As requested by @paxdiablo I'm making this an answer. It's a recurrence relation and can be solved non-recursively, similar to the fibonacci sequence mentioned in another answer. It turns out to be (Python notation).

def f(n):
    return int((13**0.5-3)/(2*13**0.5)*((3-13**0.5)/2)**n + (0.5+3/(2*13**0.5))*((3+13**0.5)/2)**n)
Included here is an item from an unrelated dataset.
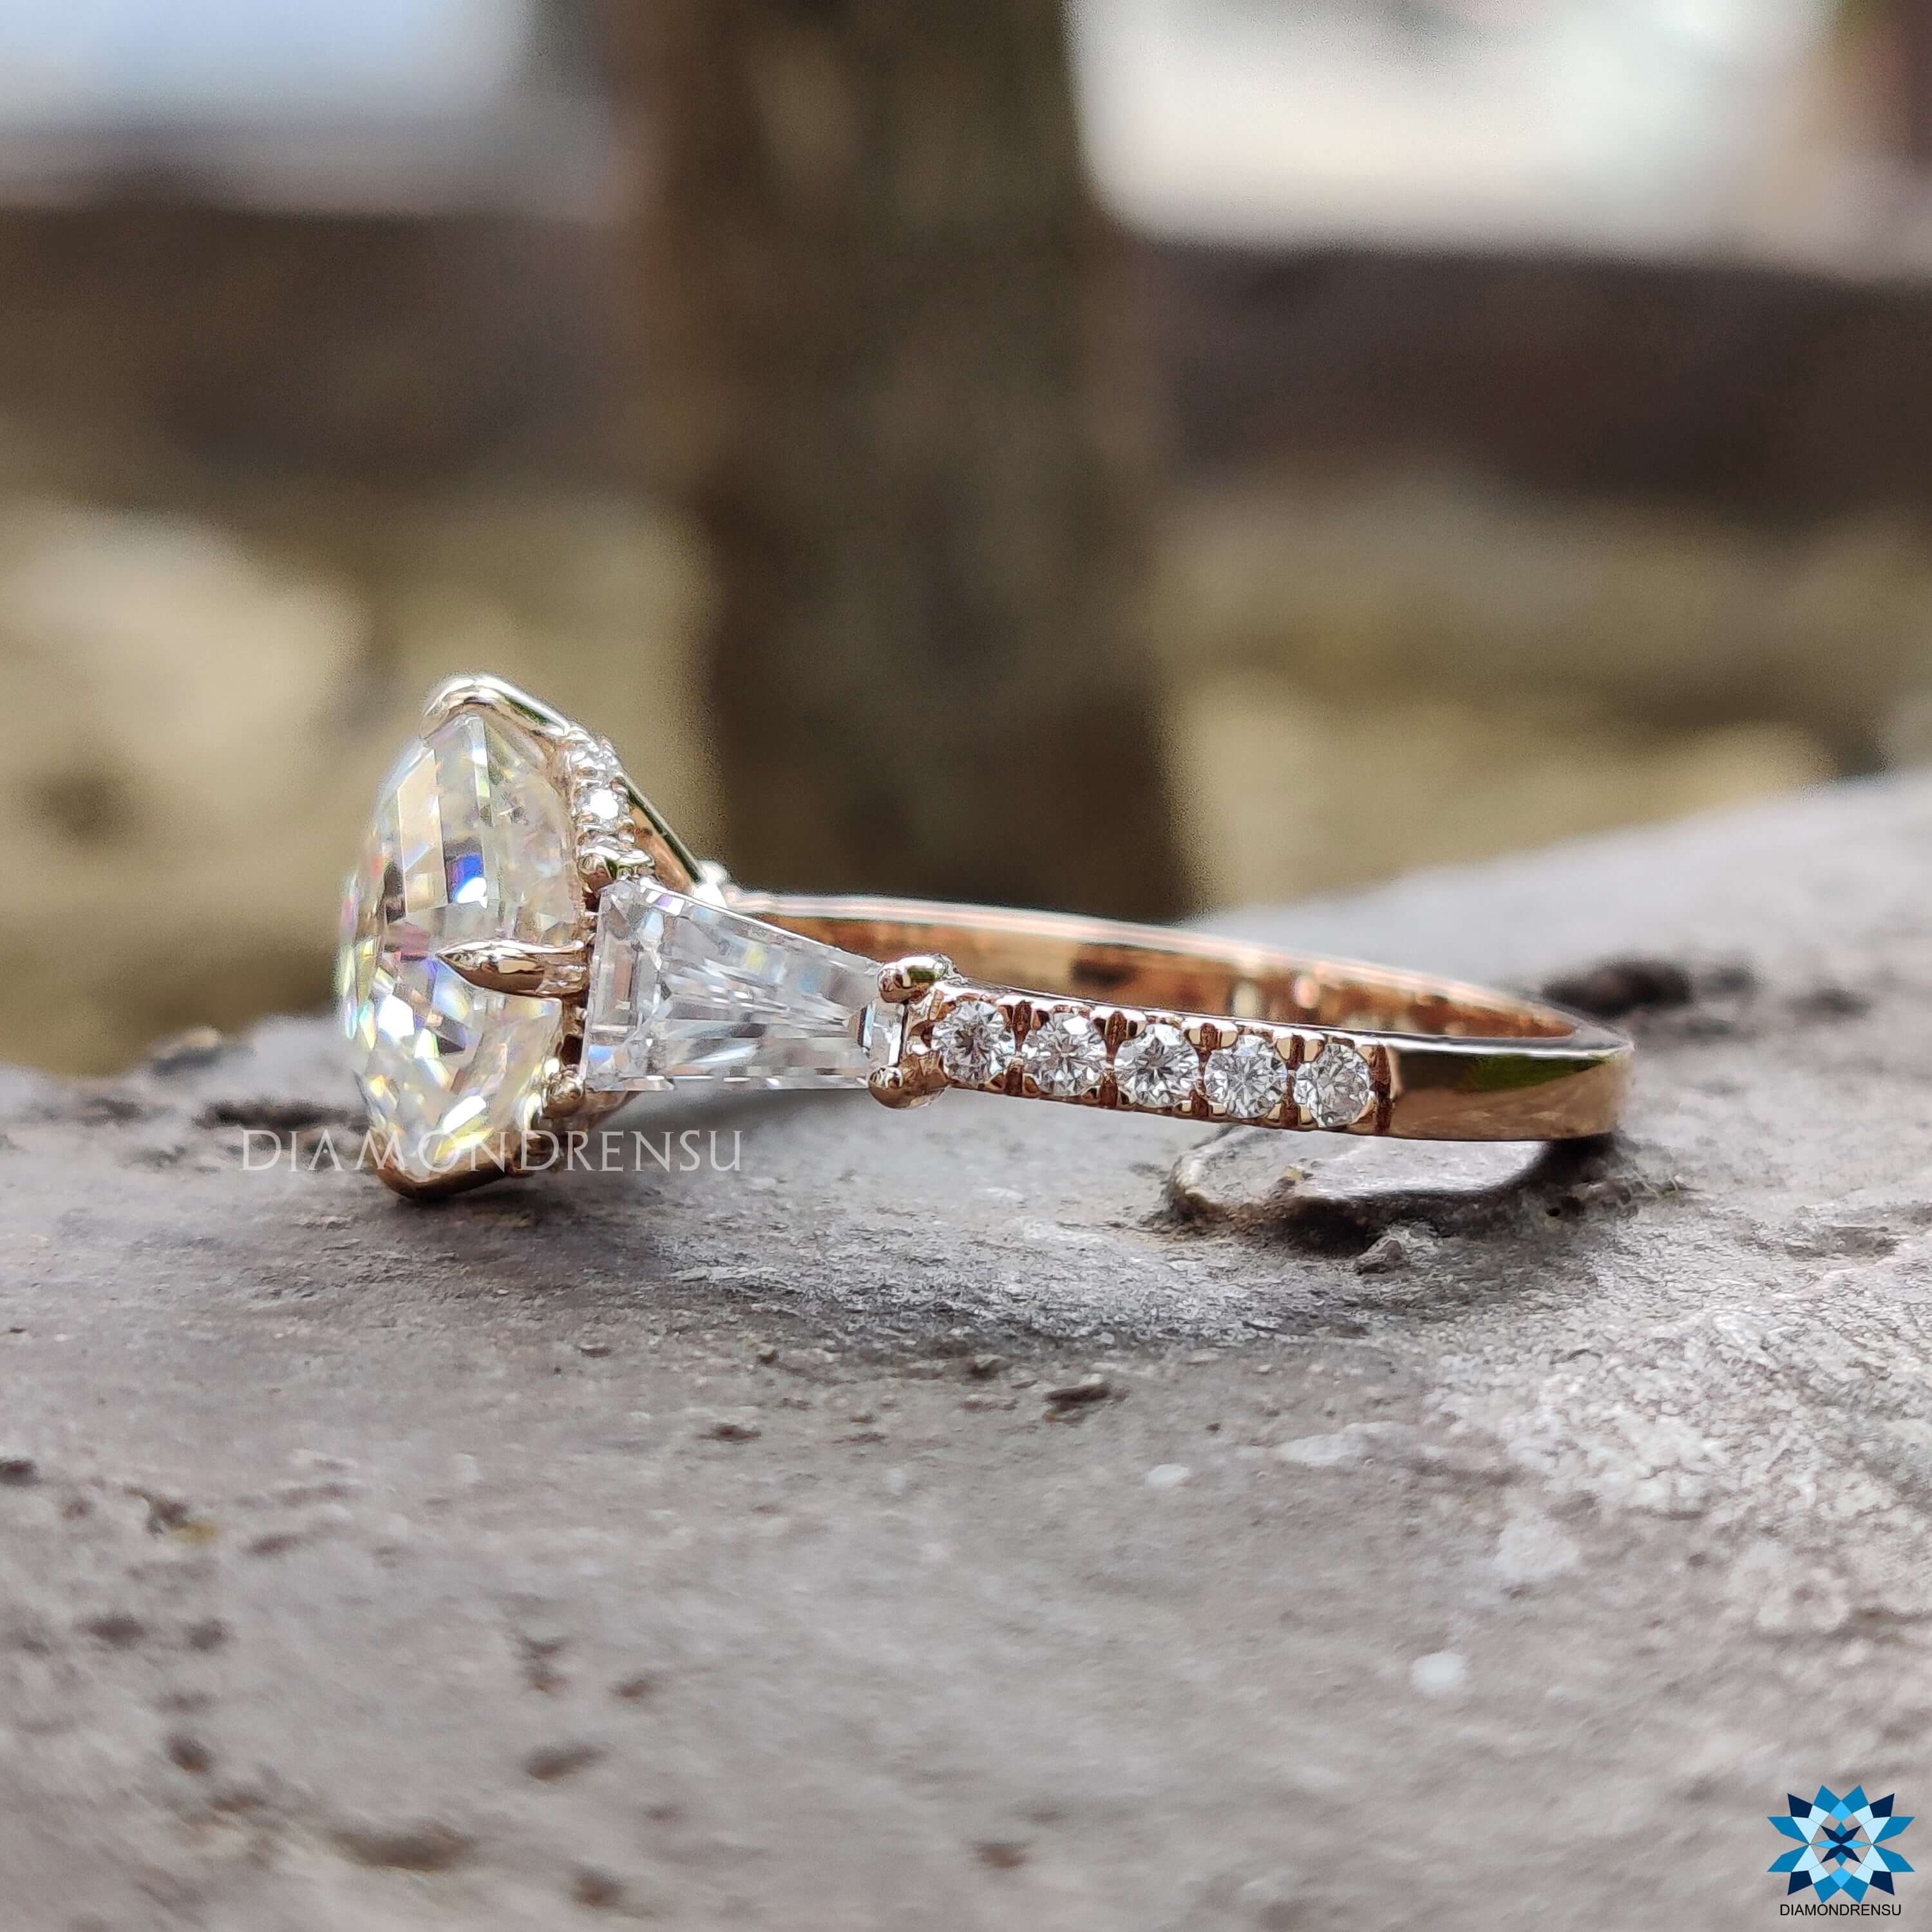 custom moissanite jewelry - diamondrensu
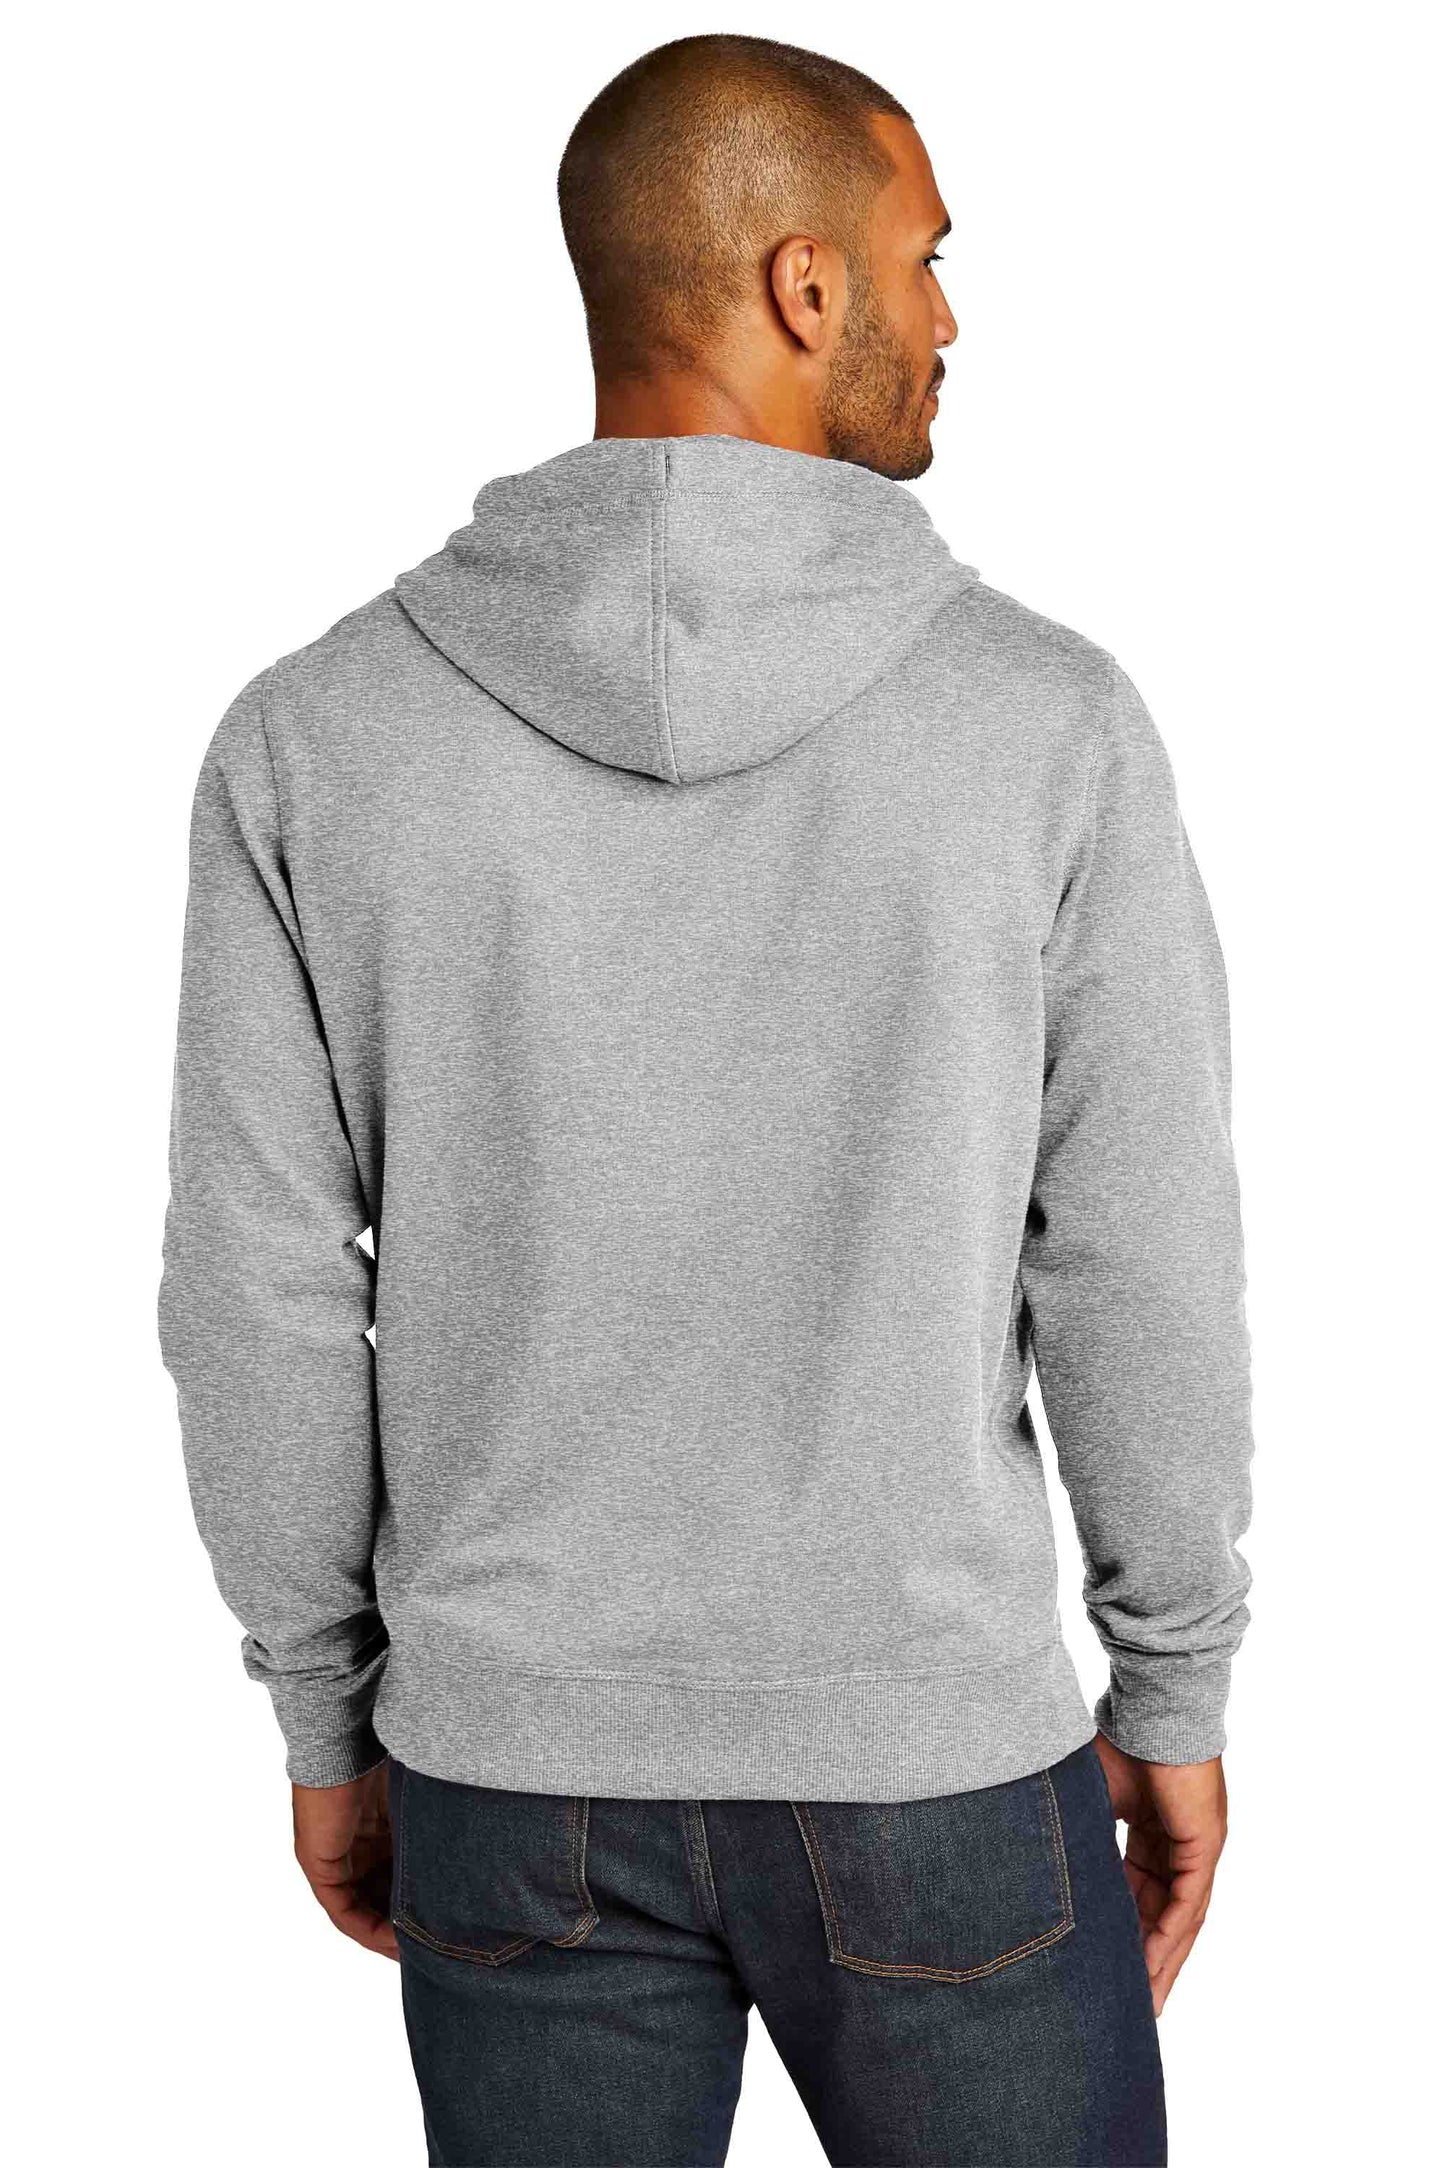 Recycled Hooded Sweatshirt

However, this forumula does most probably not work for large n, because of limited float precision. The given python version fails for n = 30:

>>> print ([f(n) == 3 * f(n-1) + f(n-2) for n in range(2, 30)])
[True, True, True, True, True, True, True, True, True, True, True, True, True, True, True, True, True, True, True, True, True, True, True, True, True, True, True, False]
>>> print([f(n) for n in range(30)])
[1, 3, 10, 33, 109, 360, 1189, 3927, 12970, 42837, 141481, 467280, 1543321, 5097243, 16835050, 55602393, 183642229, 606529080, 2003229469, 6616217487, 21851881930, 72171863277, 238367471761, 787274278560, 2600190307441, 8587845200883, 28363725910090, 93679022931153, 309400794703549, 1021881407041801]

Warning: I used a "+" instead of a "-", so the formula is wrong. See comments.